Your assignment
Give the data again exactly as it appears, excluding any pictures.

Provided material

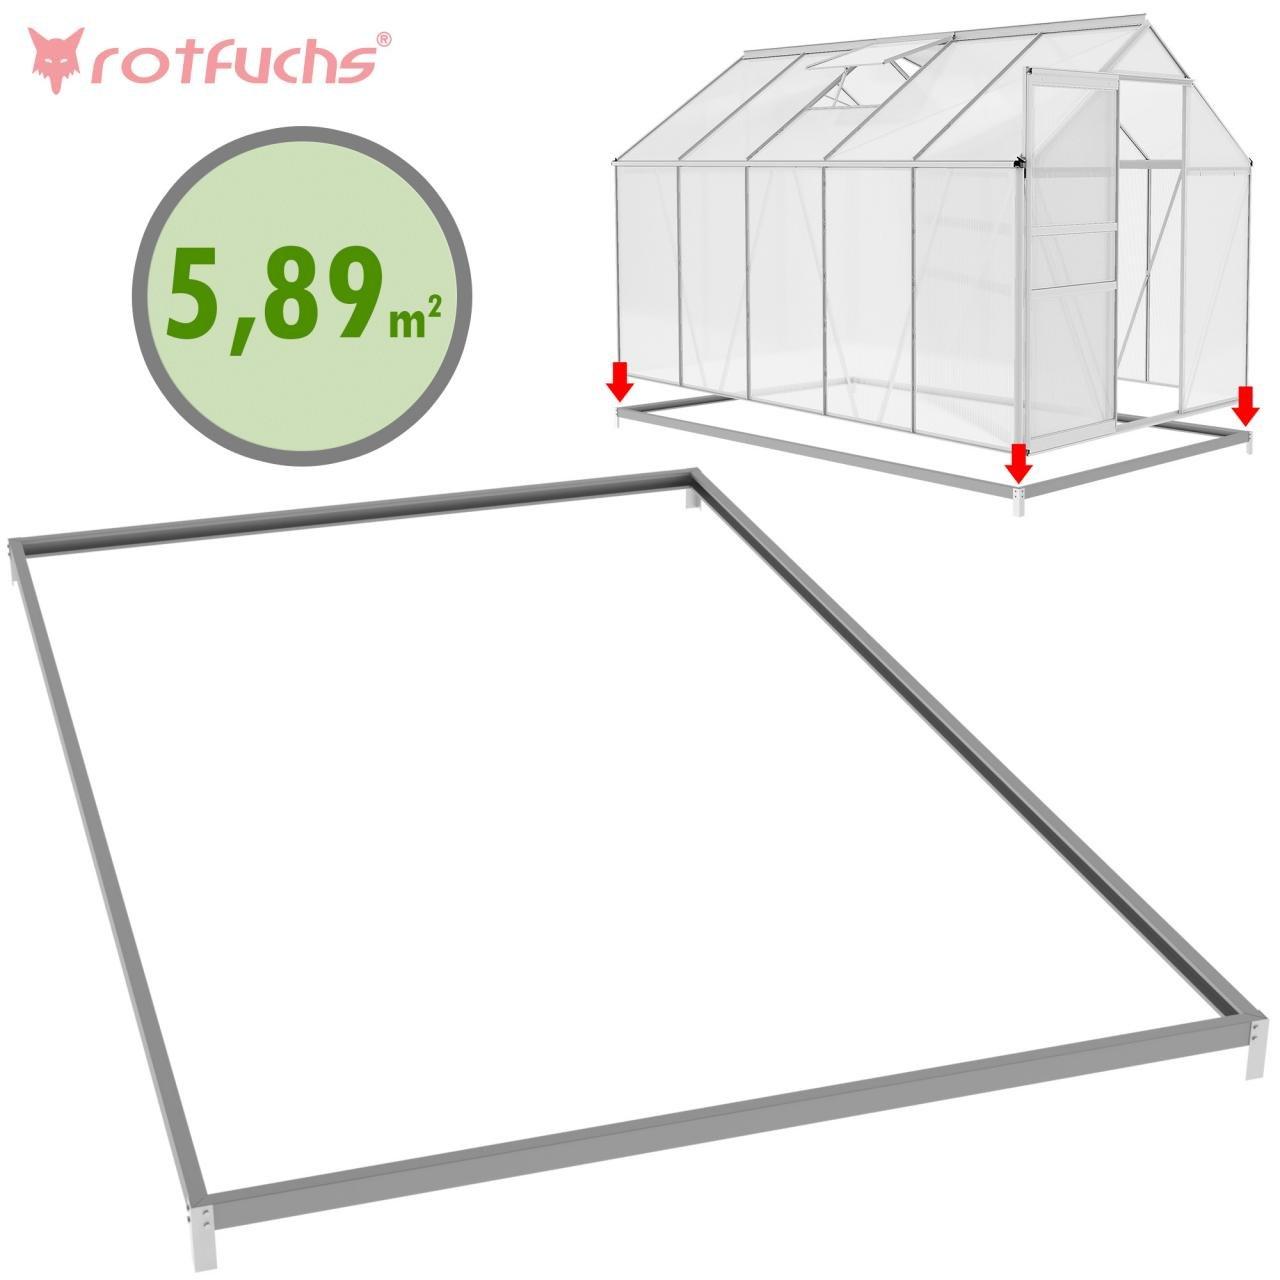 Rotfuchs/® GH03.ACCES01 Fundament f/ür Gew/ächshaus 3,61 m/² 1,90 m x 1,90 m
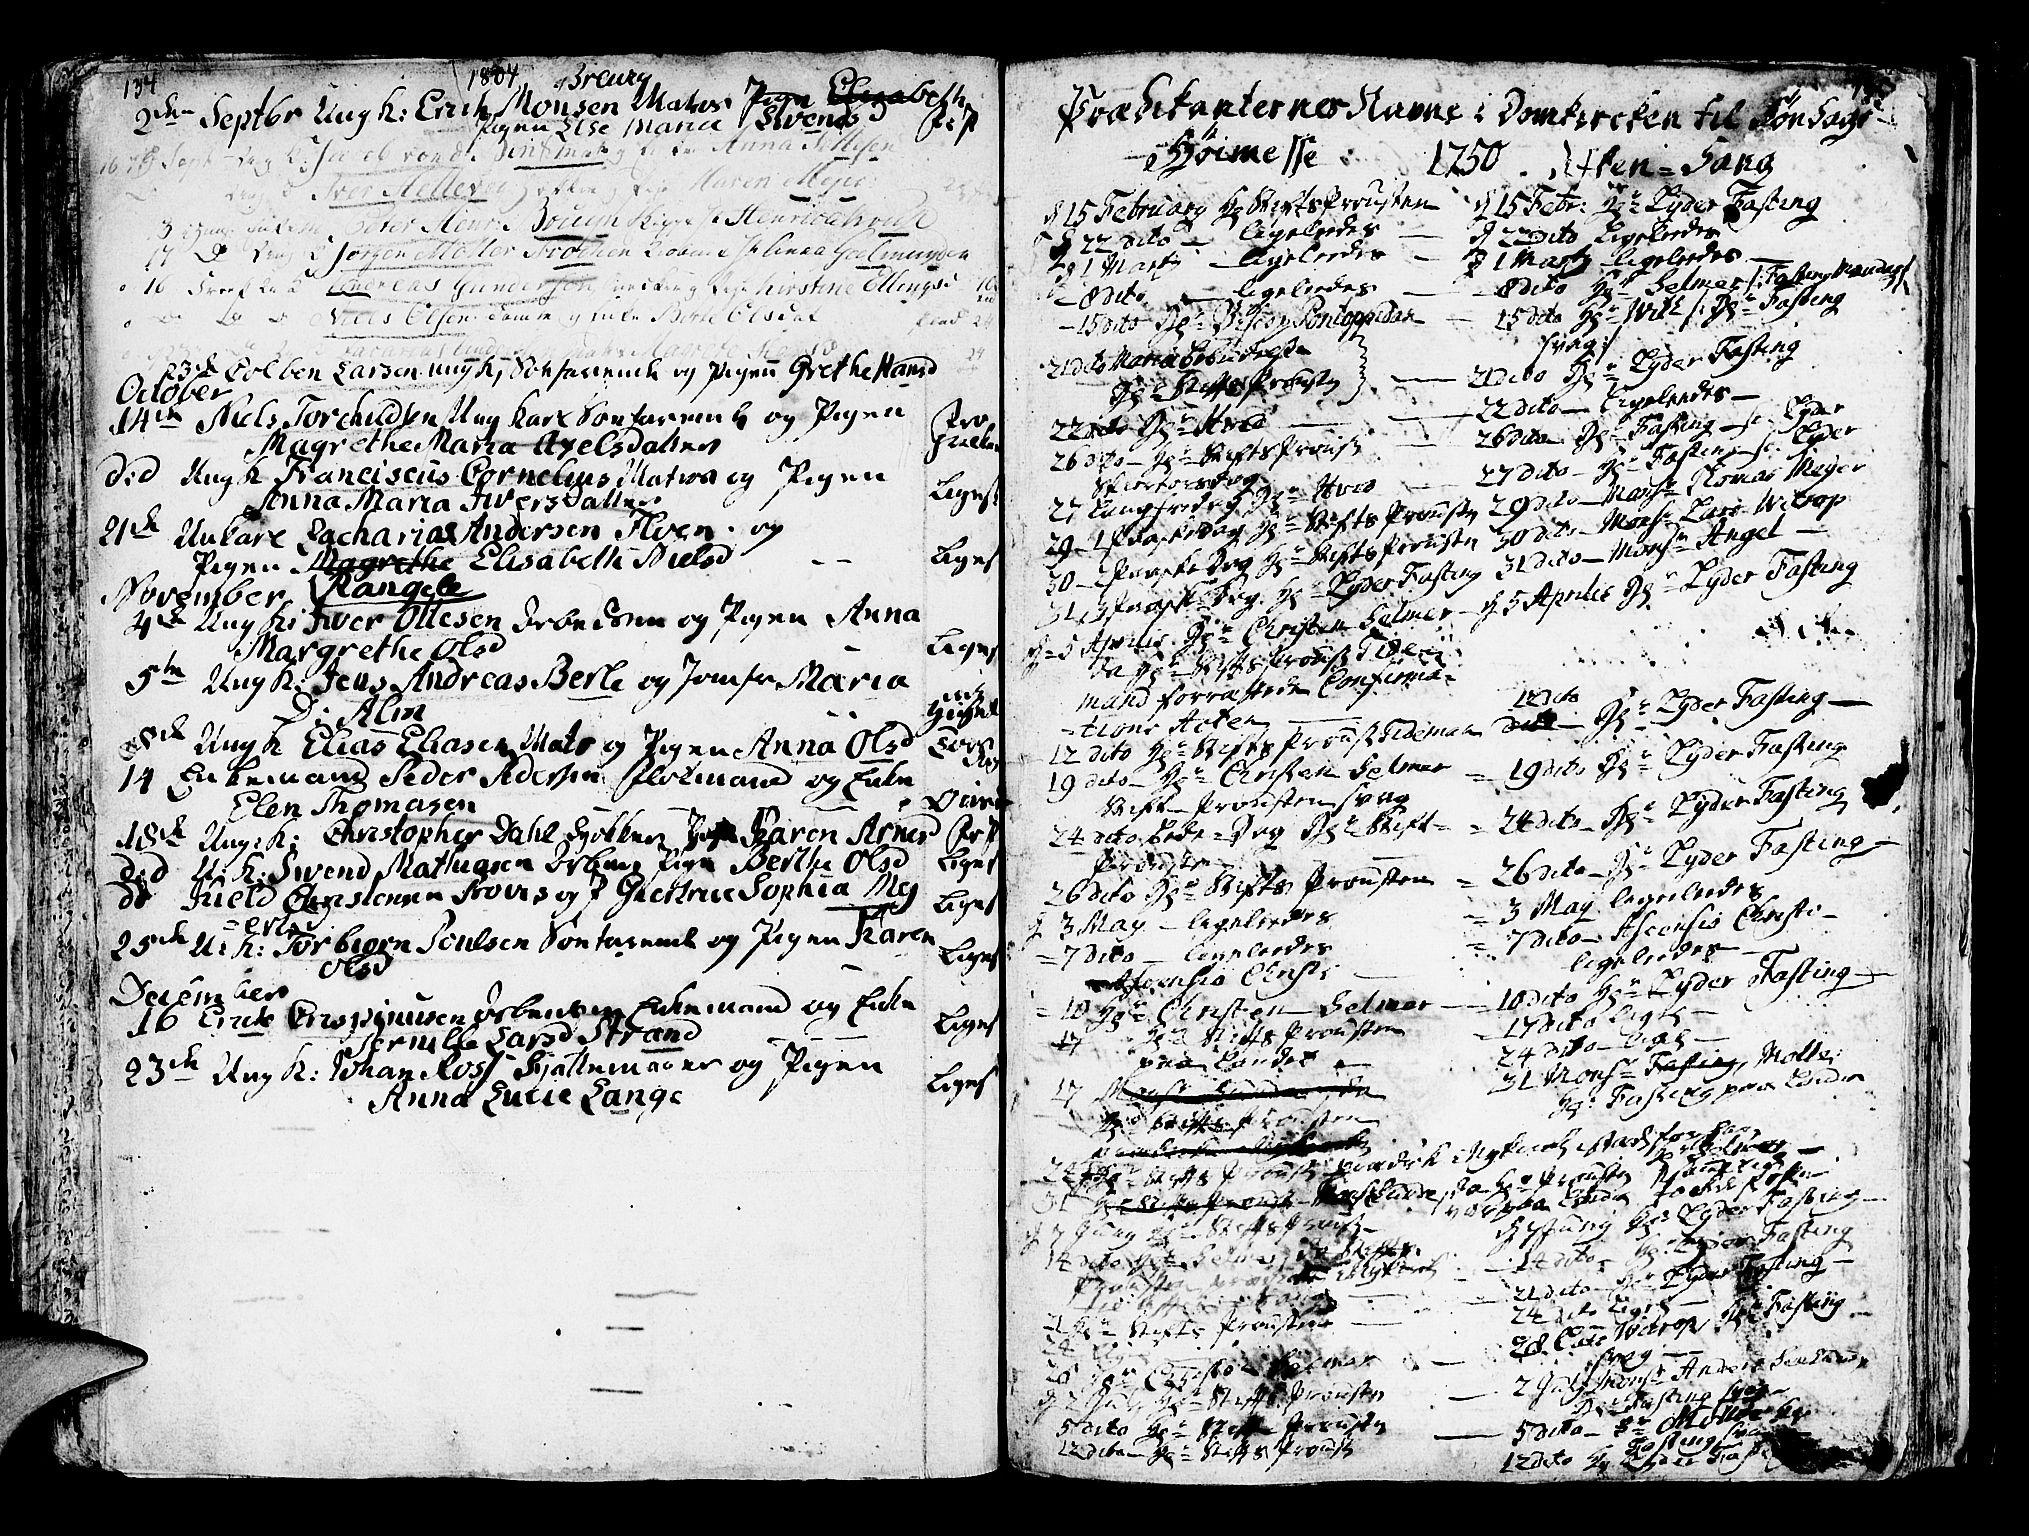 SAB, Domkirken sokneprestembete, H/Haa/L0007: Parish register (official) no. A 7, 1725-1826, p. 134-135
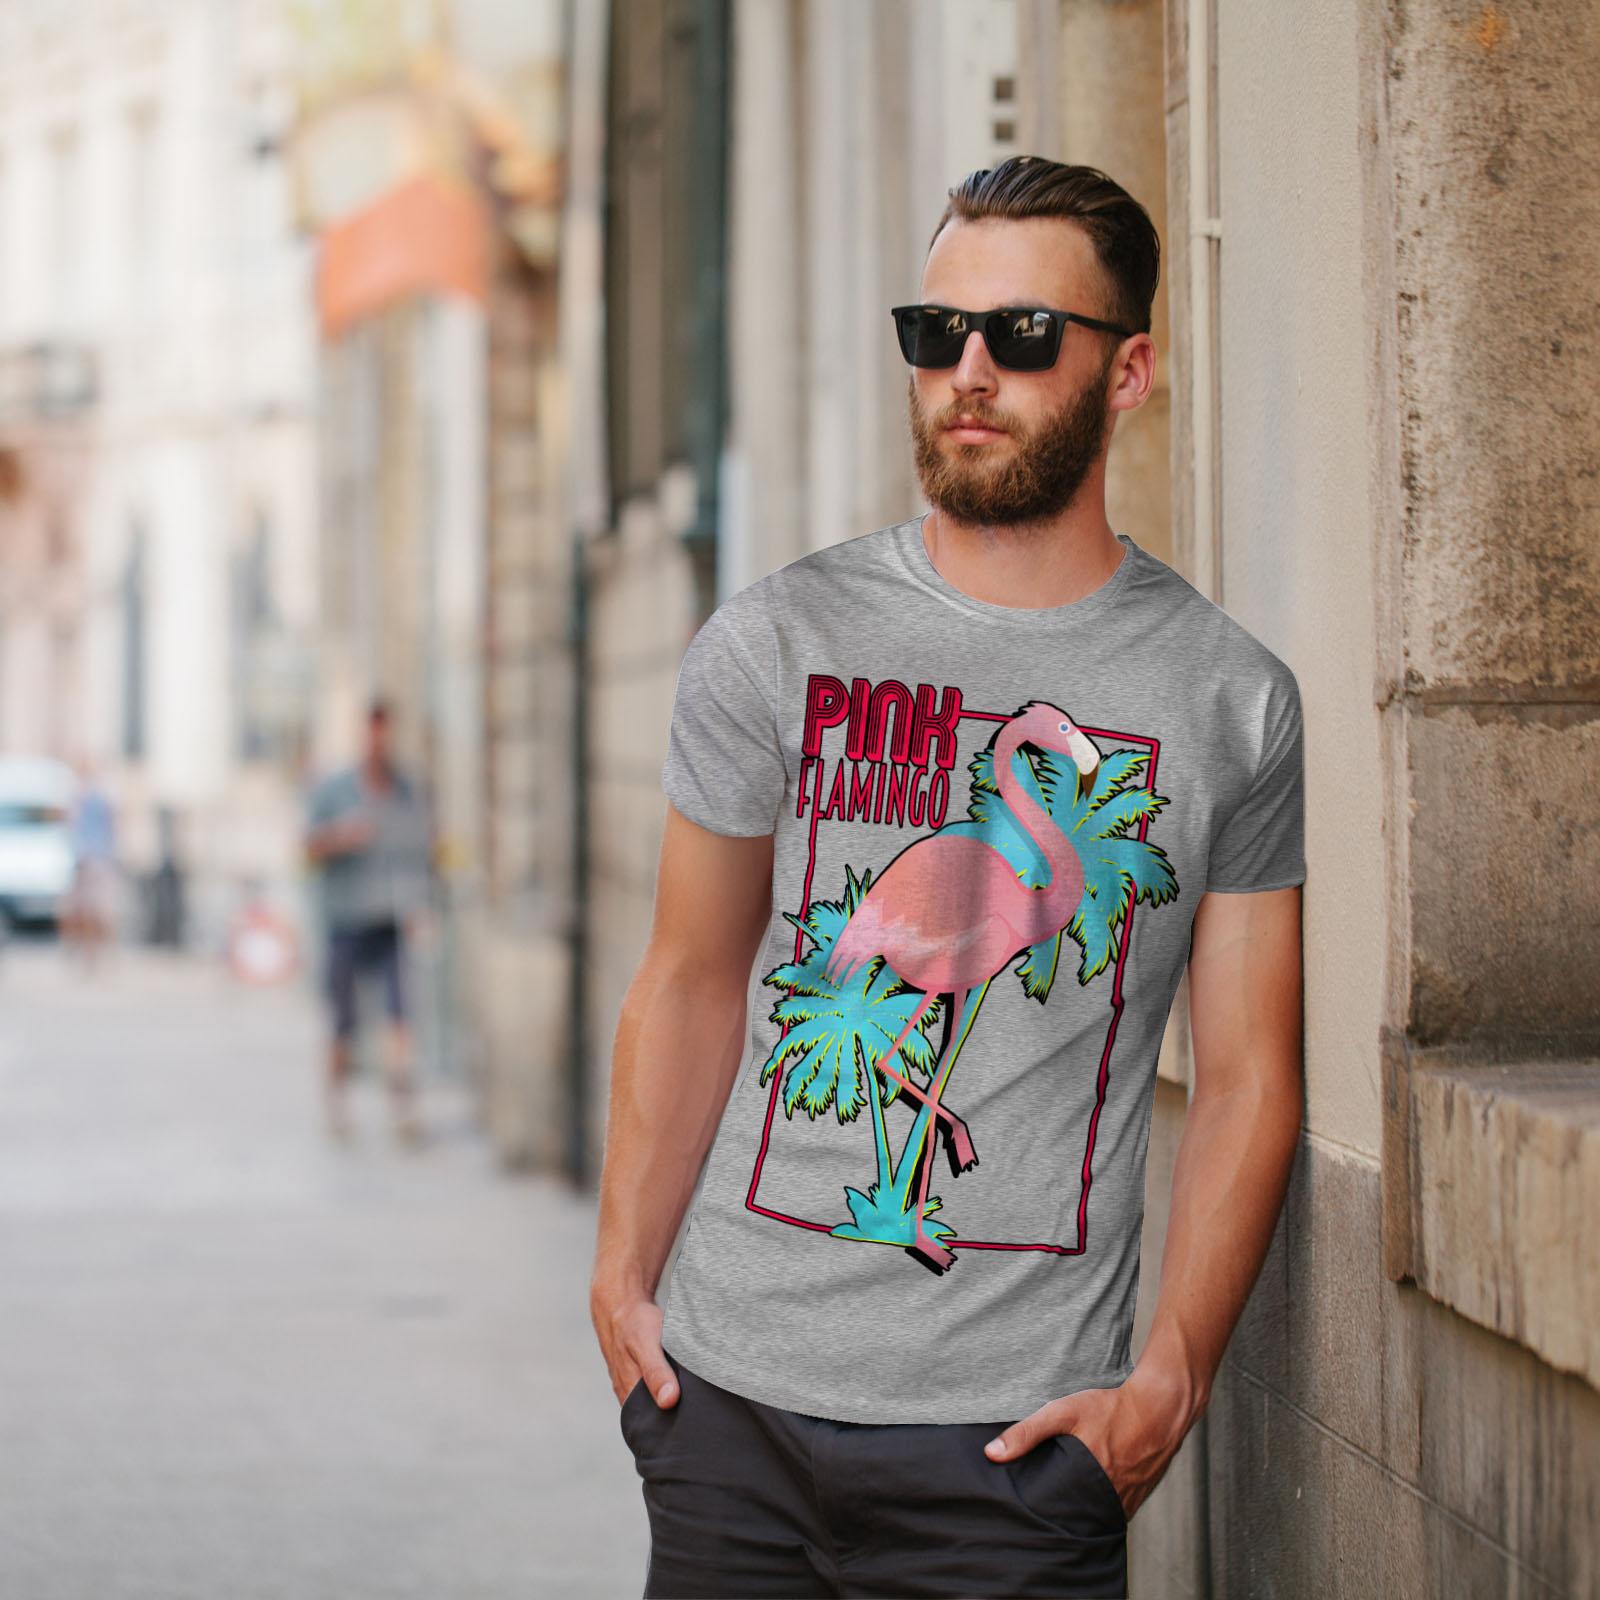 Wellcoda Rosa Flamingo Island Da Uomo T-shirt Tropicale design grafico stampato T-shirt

Result below
 Rotfuchs/® GH03.ACCES01 Fundament f/ür Gew/ächshaus 3,61 m/² 1,90 m x 1,90 m
 SAB, Domkirken sokneprestembete, H/Haa/L0007: Parish register (official) no. A 7, 1725-1826, p. 134-135
 Wellcoda Rosa Flamingo Island Da Uomo T-shirt Tropicale design grafico stampato T-shirt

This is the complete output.